Он пошел за бутылкой самогона. Когда он вернулся, Эмилия поцеловала его и ушла в больницу Но он, целиком поглощенный разговором, даже не заметил ее отсутствия. Единственное, что занимало его внимание, – это рассказ нового собеседника. Война продолжалась повсюду, люди в Мехико страдали от голода и террора, их жизни зависели от прихоти каждой из враждующих сторон, бравшей город, чтобы потом его оставить. Никто не знал, чем все это закончится, да и казалось, конца этому не видно.
Даниэль, проглатывая рюмку за рюмкой, то и дело твердил, что нужно создать такую власть, которая заботилась бы о самых слабых. Он проклинал тот час, когда страна проглотила приманку в виде благородной цели, поднялась на борьбу и постепенно отдала свою судьбу в руки ненасытных и кровавых людей. Вернувшись в гостиницу поздно ночью, Эмилия попыталась прекратить этот нескончаемый и опасный разговор, но Даниэль испытывал ненасытную потребность пить и говорить, чтобы она могла увести его спать. Эмилия ушла и оставила его там. Я устала, сказала она, чтобы не говорить: ты невыносим.
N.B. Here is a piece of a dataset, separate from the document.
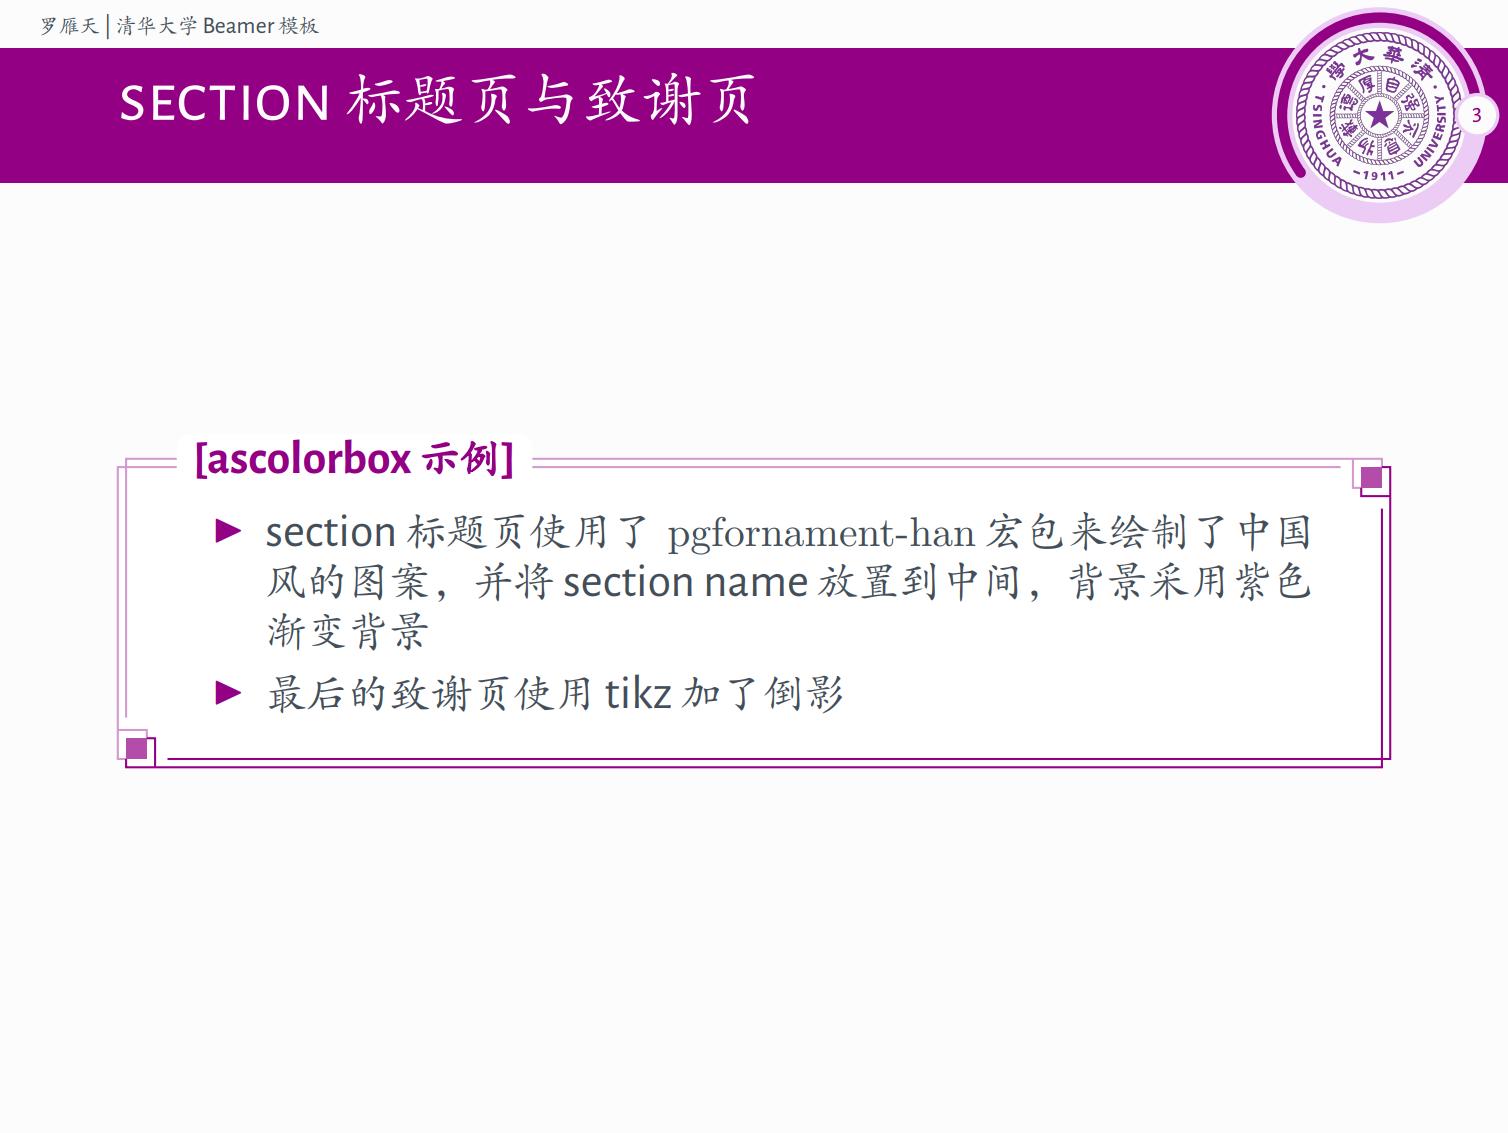 清华大学中文Beamer模板(另一版)

Уже на рассвете Даниэль пришел к ним в комнату, шатаясь от выпитого. Он нес всякий вздор о бессмысленности ужасов той или иной схватки, спрашивая, что стало с идеалами и по какому праву вожди выбросили на свалку высокую идею, за которую погибли лучшие люди. Злясь на себя, а заодно и на Эмилию, он разбудил ее, чтобы пожаловаться на случай, который не позволил ему быть в эпицентре событий. Потому что, пока там происходило столько серьезных вещей, они сидели тут, глядя друг на друга, играя в семью, свернувшись калачиком в мире и покое, от которых так далека была его страна.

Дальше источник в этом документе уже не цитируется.